CaMKII regulates ER Ca²⁺ release in response to bleomycin. A: intracellular Ca²⁺ levels by fluo-4 fluorescence after bleomycin treatment for 10 min in MLE-12 cells. B: cytoplasmic Ca²⁺ levels were determined in MLE-12 cells during treatment with 50 mU/ml bleomycin in Hanks' buffered saline solution with and without Ca²⁺. Negative control data were subtracted from the measurements with agonists.
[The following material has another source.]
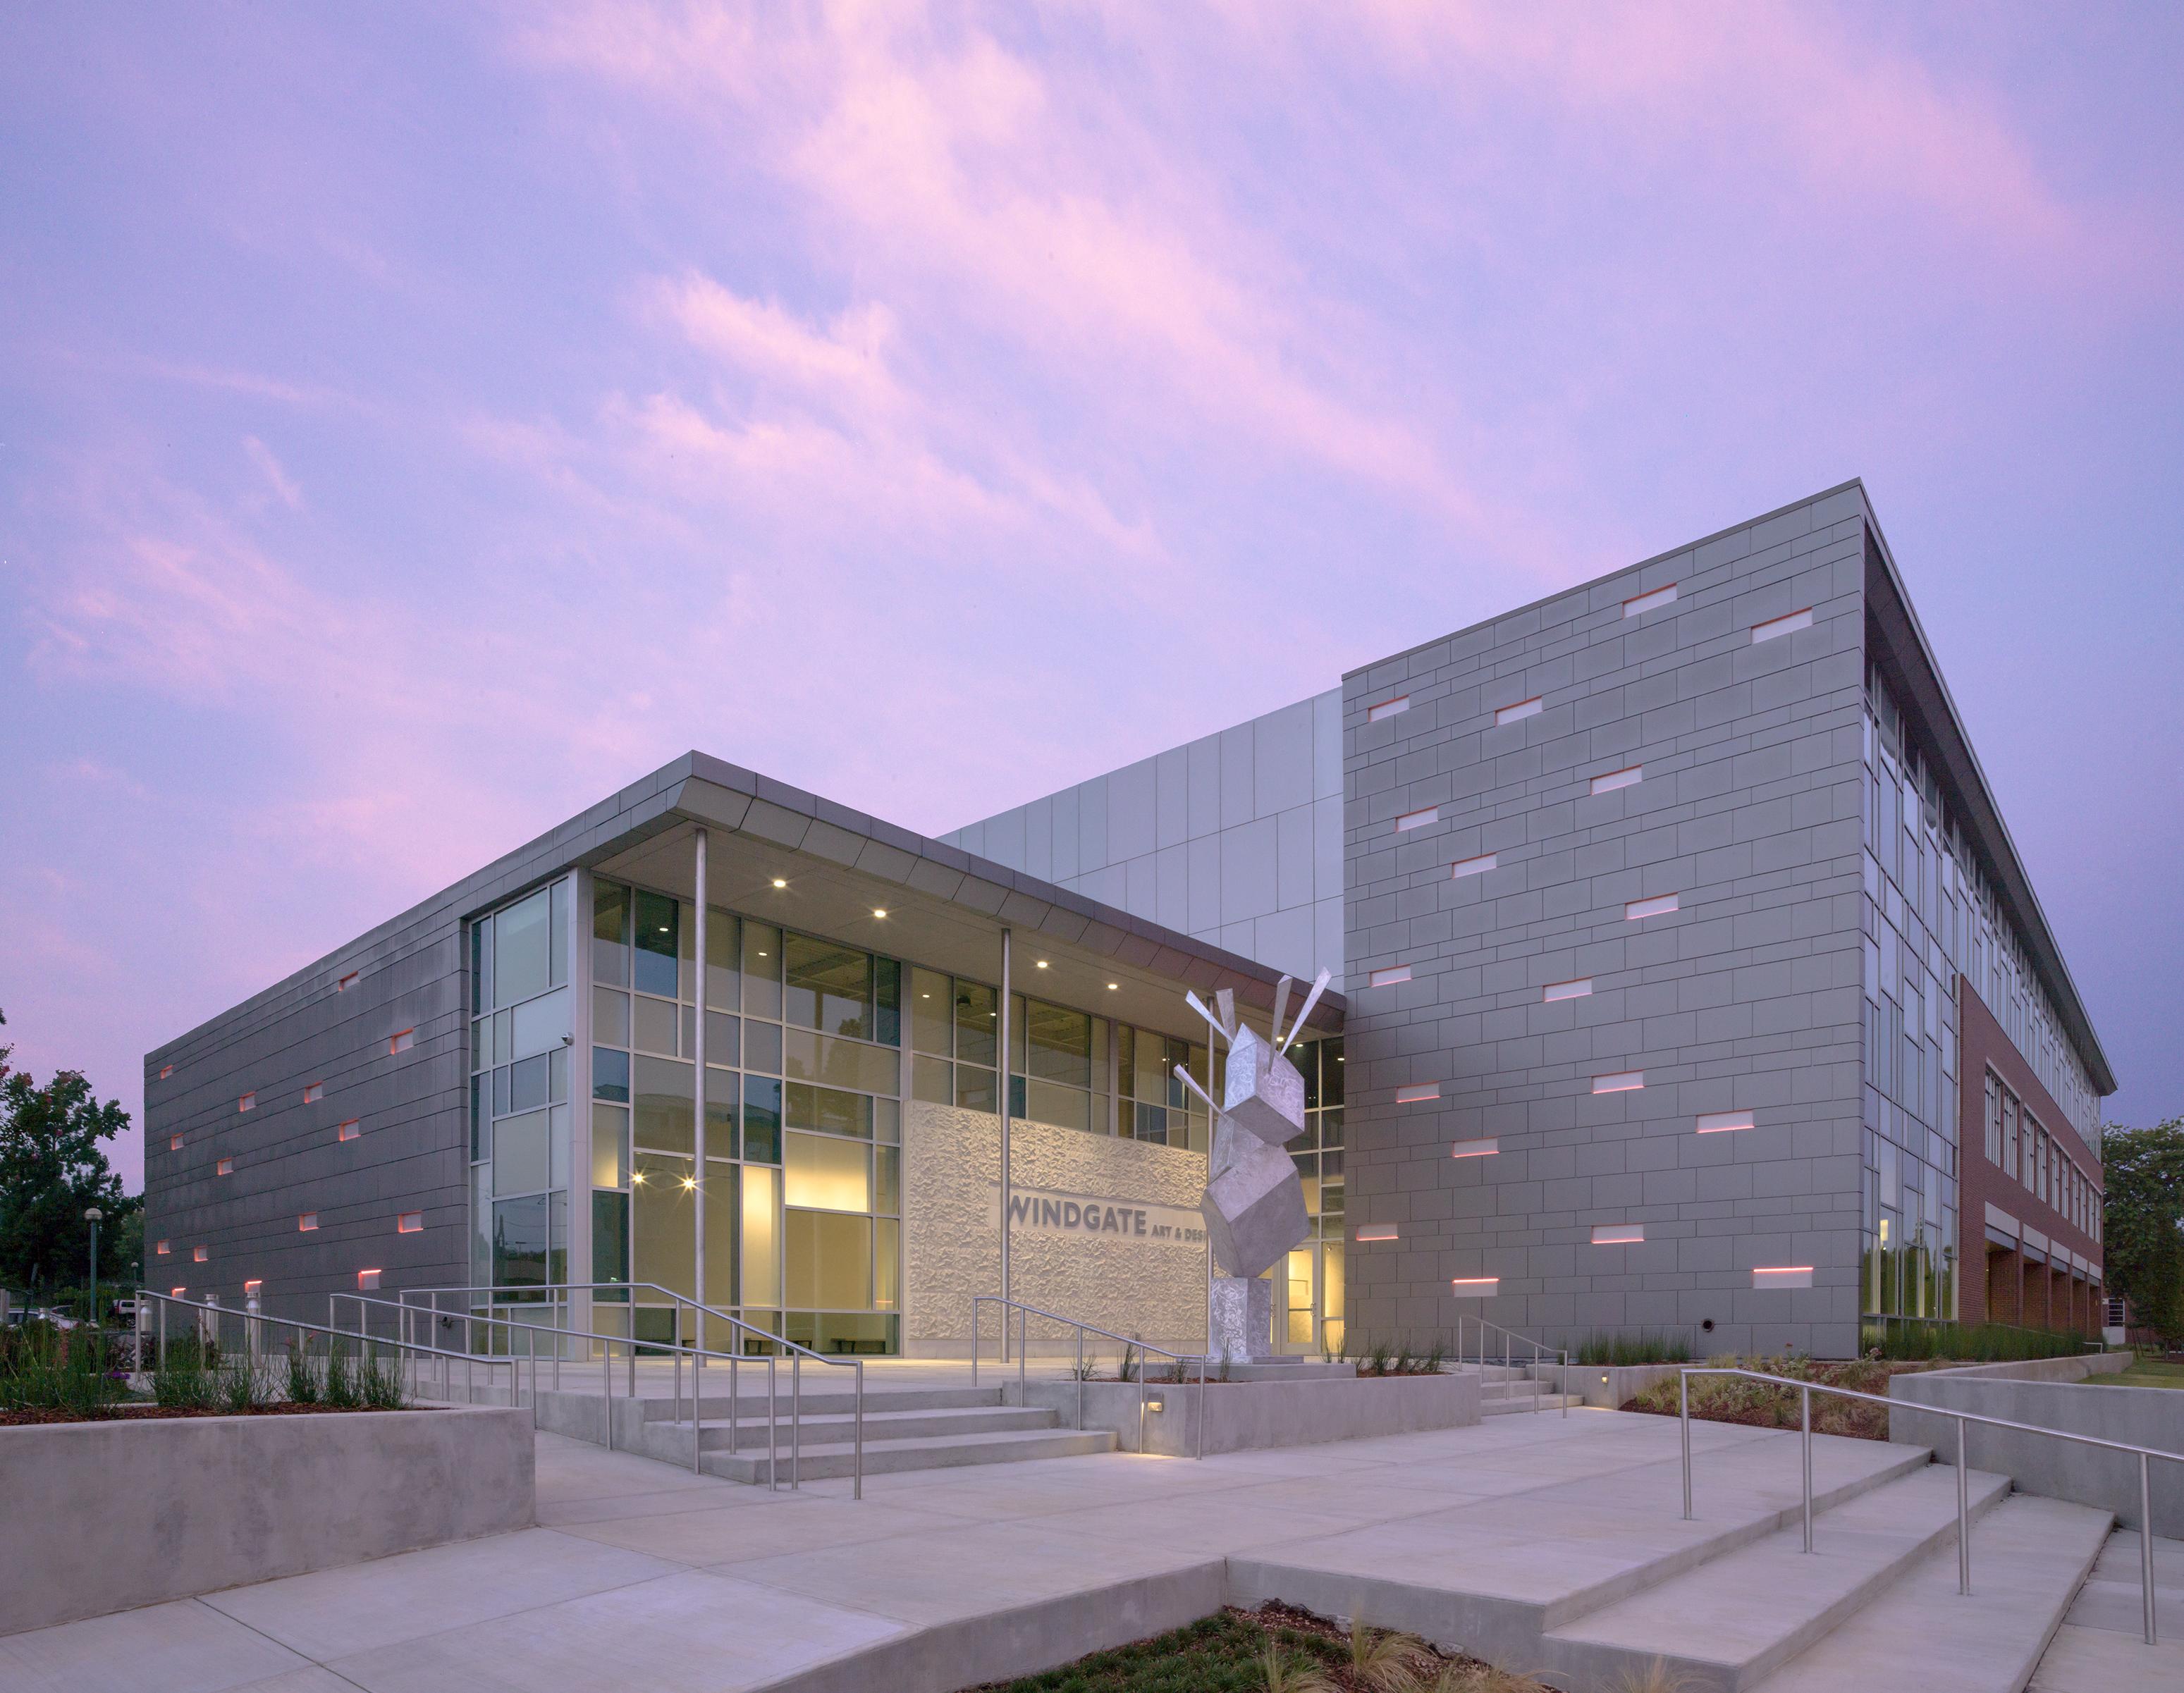 Windgate Art & Design Building
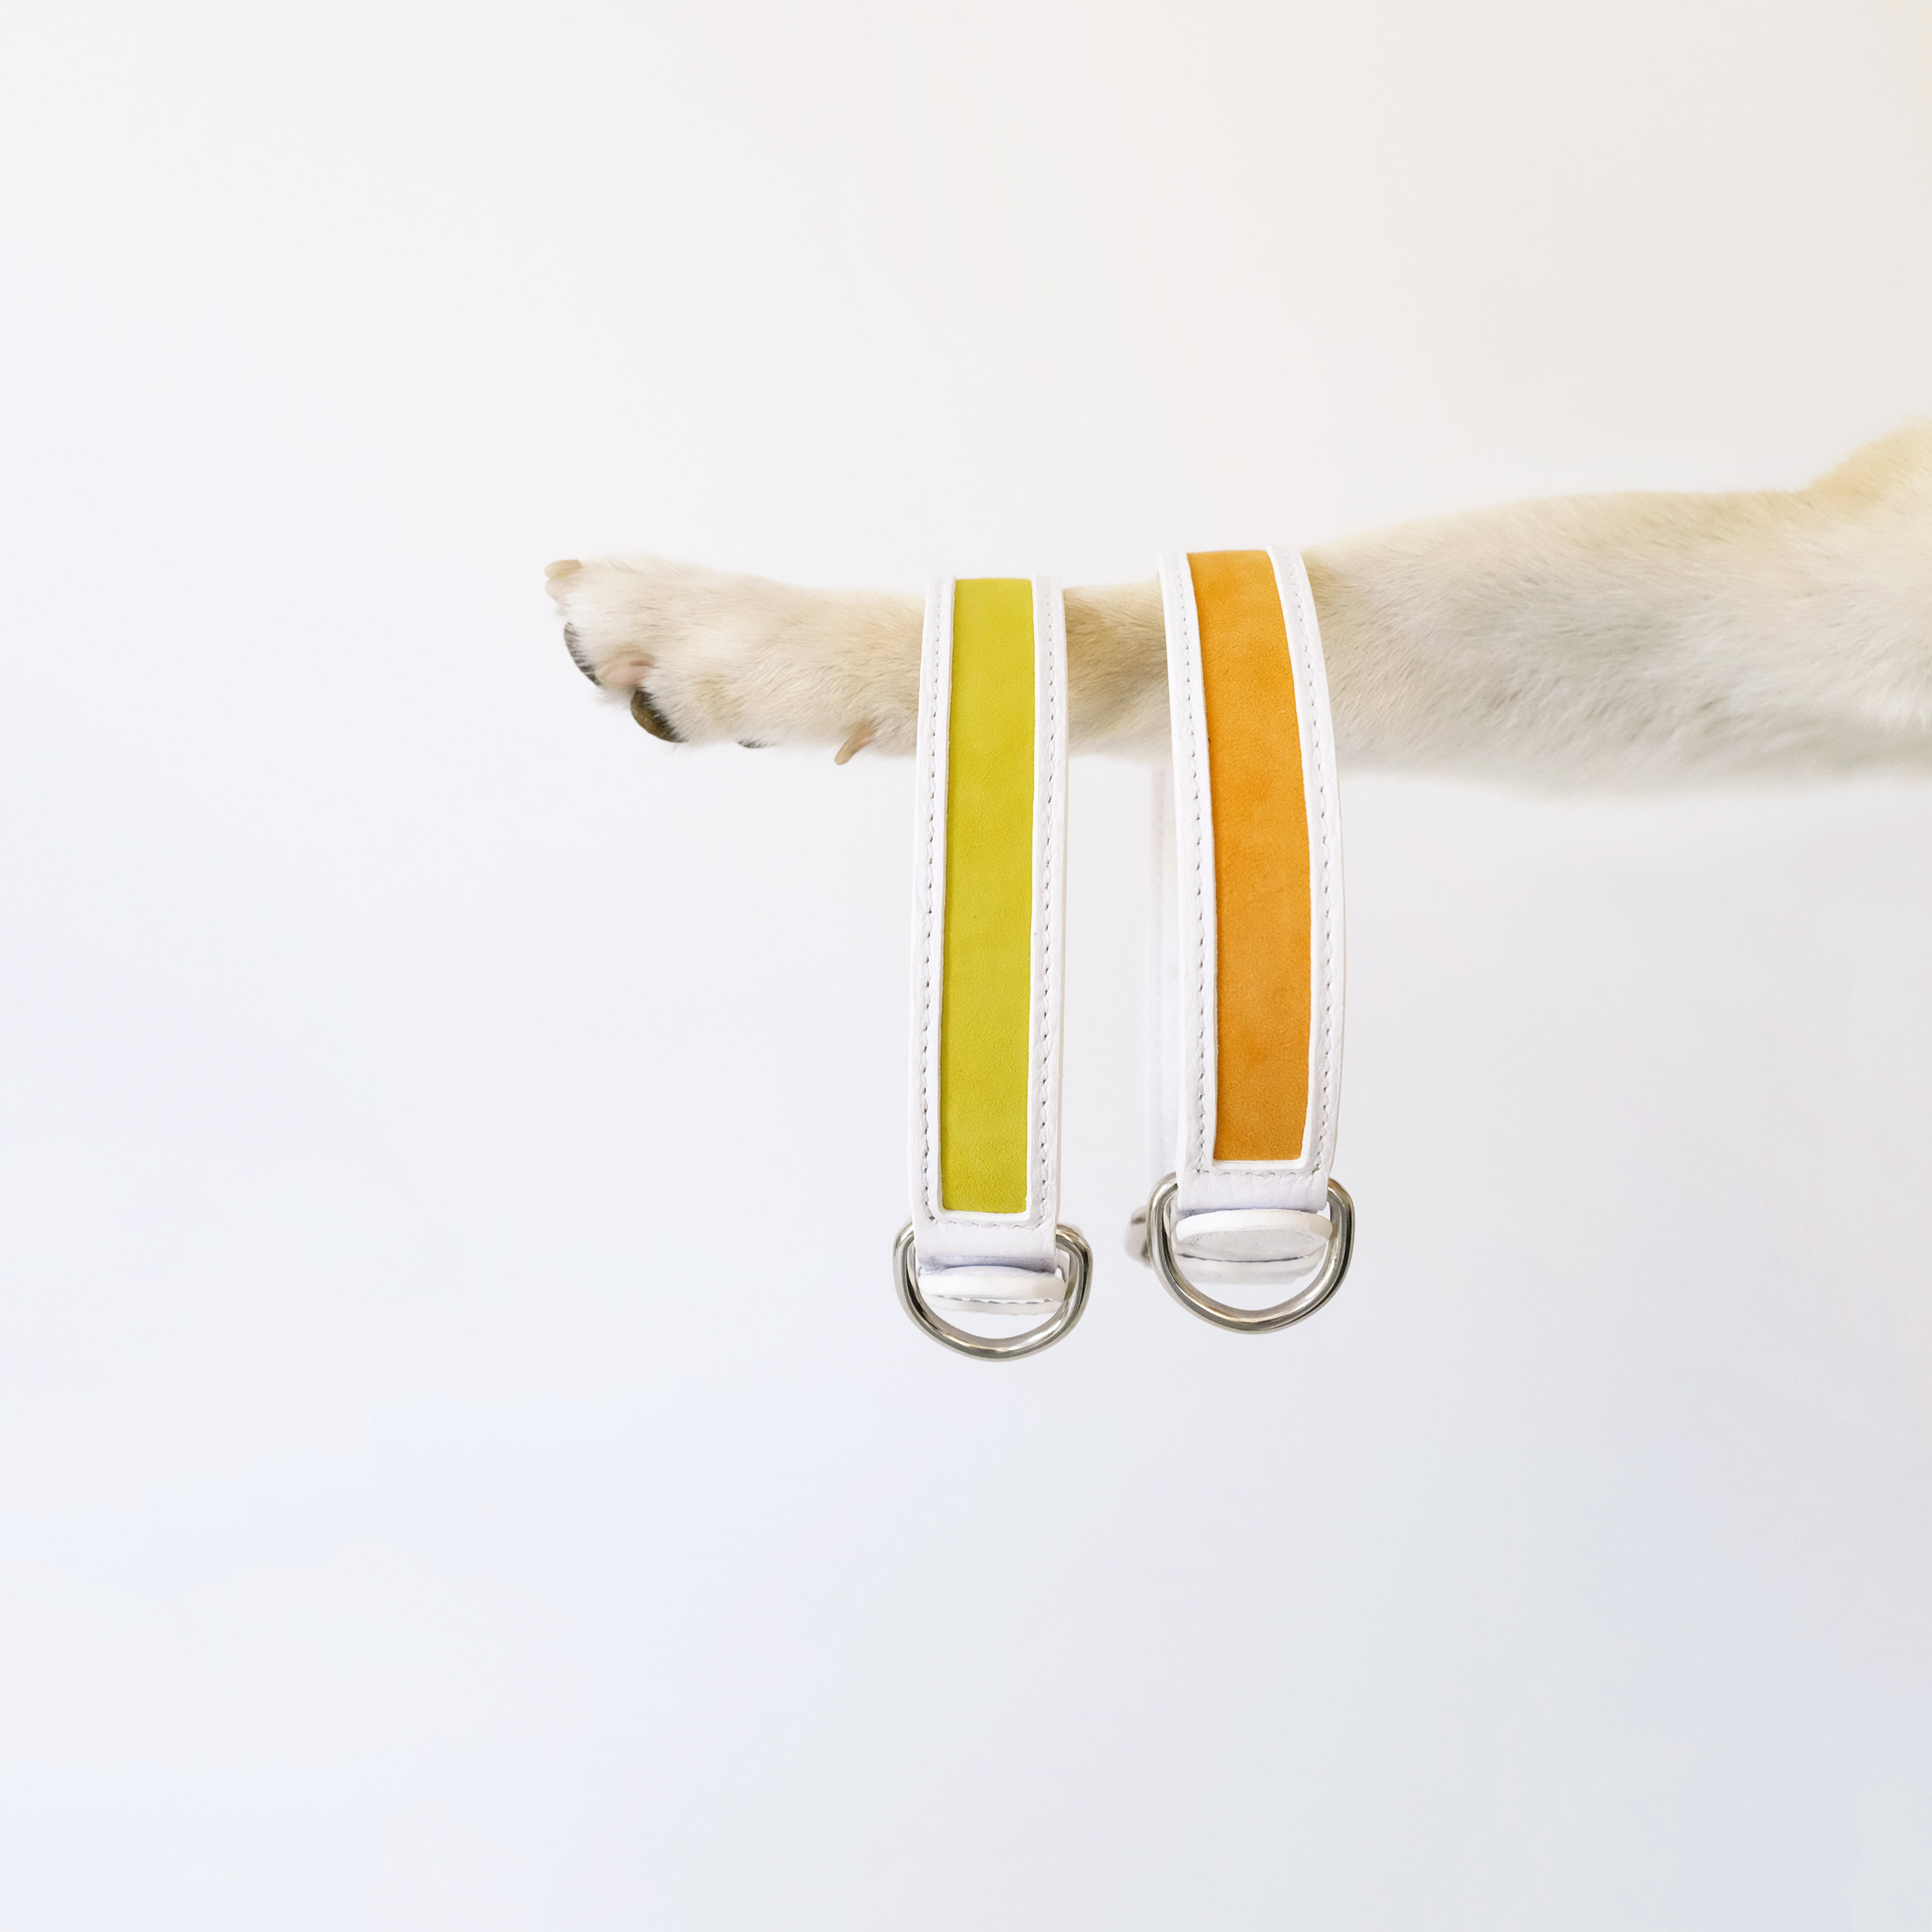 suede dog collars

A representative experiment is shown. C: area under the curve (AUC) was determined in 4 independent experiments and plotted as fold increase. D: apoptosis in MLE-12 cells after treatment with 100 nM thapsigargin for 24 h. E: cytoplasmic Ca²⁺ levels in MLE-12 cells during treatment with 50 mU/ml bleomycin, 100 nM thapsigargin, and 100 nM thapsigargin with 10 μM histamine. A representative experiment is shown. F: AUC was determined for each condition in 4 independent experiments and plotted as fold increase. G: cytoplasmic Ca²⁺ levels in MLE-12 cells that were infected with adenovirus expressing the CaMKII inhibitor peptide CaMKIIN or control for 48 h during treatment with 50 mU/ml bleomycin in Hanks' buffered saline solution with Ca²⁺. A representative experiment is shown. H: AUC was determined in 5 independent experiments and plotted as fold increase. I: Rhod-2 fluorescence in MLE-12 cells infected with adenovirus expressing the CaMKII inhibitor peptide CaMKIIN or control after bleomycin treatment for 10 min. *P < 0.05.